La communauté soudée que vous avez construite se disperse en mars ou avril, généralement en l'espace de quelques semaines. Les gens partent vers différents pays, différents emplois, différentes vies. De nombreux saisonniers trouvent la transition vers la vie hors station étonnamment déstabilisante — le contraste de rythme et de densité sociale est significatif.

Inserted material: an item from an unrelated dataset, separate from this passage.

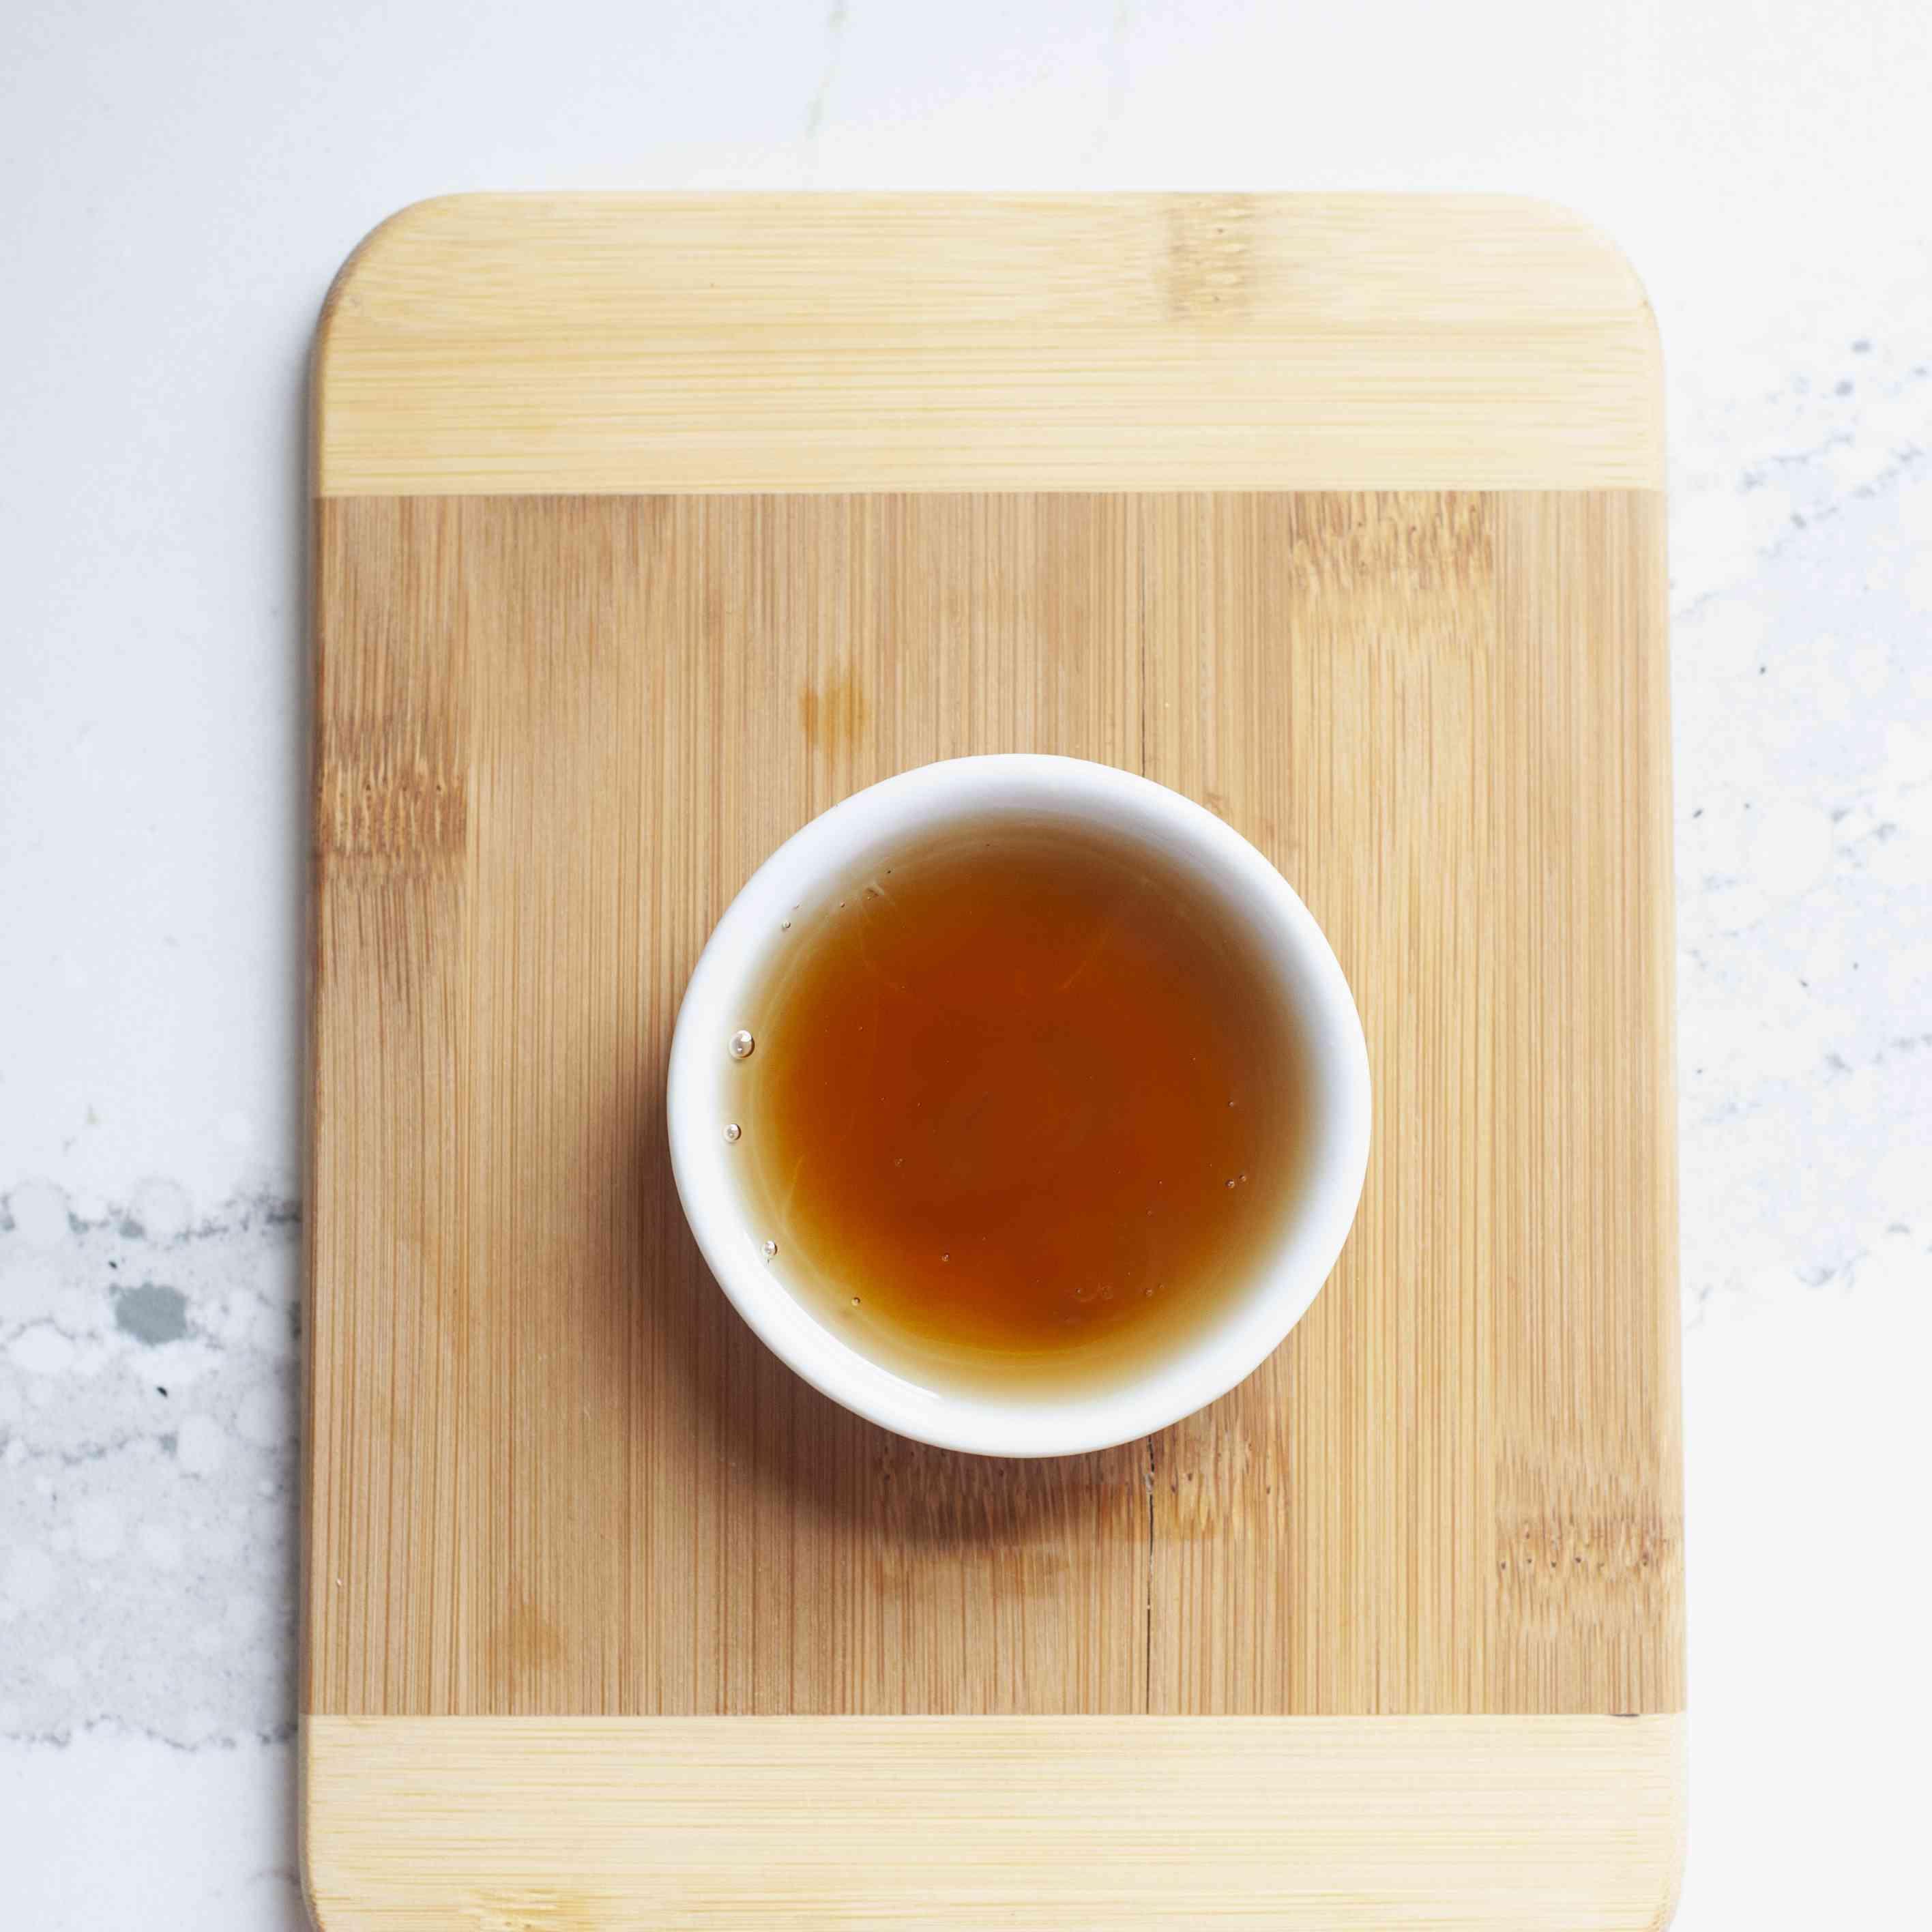 Toasted sesame oil in white bowl

Planifiez cela. Accordez-vous du temps pour décompresser plutôt que de vous attendre à vous réinsérer directement dans la vie normale. Restez en contact avec les personnes de la saison. Cela passe.

Soutien pratique

  • Dans la station : La plupart des grands opérateurs (Crystal, Inghams, Mark Warner, etc.) ont des contacts pour le bien-être ou des directeurs de station dont le travail inclut le soutien pastoral. Si vous rencontrez des difficultés, c'est une chose légitime à utiliser — pas un dernier recours.
  • La communauté des saisonniers elle-même est souvent la meilleure première ressource. La plupart des gens autour de vous ont ressenti les mêmes sentiments, souvent plus récemment que vous ne le pensez. Vous n'avez probablement pas besoin d'expliquer.
  • Si vous avez besoin d'un soutien professionnel :
    • MIND dispose de ressources et de lignes d'assistance internationales
    • Les Samaritains (116 123) opèrent à l'international et peuvent être joints par téléphone
    • Les services de santé mentale de votre pays d'origine sont souvent accessibles par appel vidéo même depuis l'étranger
  • Soins de santé locaux : La France a un système de mutuelle ; l'Autriche et la Suisse ont de bons soins de santé accessibles avec une carte EHIC/GHIC plus une assurance voyage. Si vous avez besoin de voir un médecin — y compris pour la santé mentale — votre assurance et les soins de santé locaux devraient le couvrir.

Le message honnête

Une saison de ski n'est pas une solution de bonheur permanent, et ça n'a jamais été le cas. C'est une expérience — une bonne expérience, pour la plupart des gens — avec ses propres défis particuliers intégrés dans sa structure. Le mal du pays, les journées courtes, la pression sociale — ce ne sont pas des signes que vous faites mal les choses. Ce sont des caractéristiques prévisibles de l'environnement.

Aborder cela avec cette compréhension signifie que vous gérez les parties difficiles exactement pour ce qu'elles sont : normales, temporaires et gérables. Plutôt que d'avoir l'impression d'échouer en les ressentant tout simplement.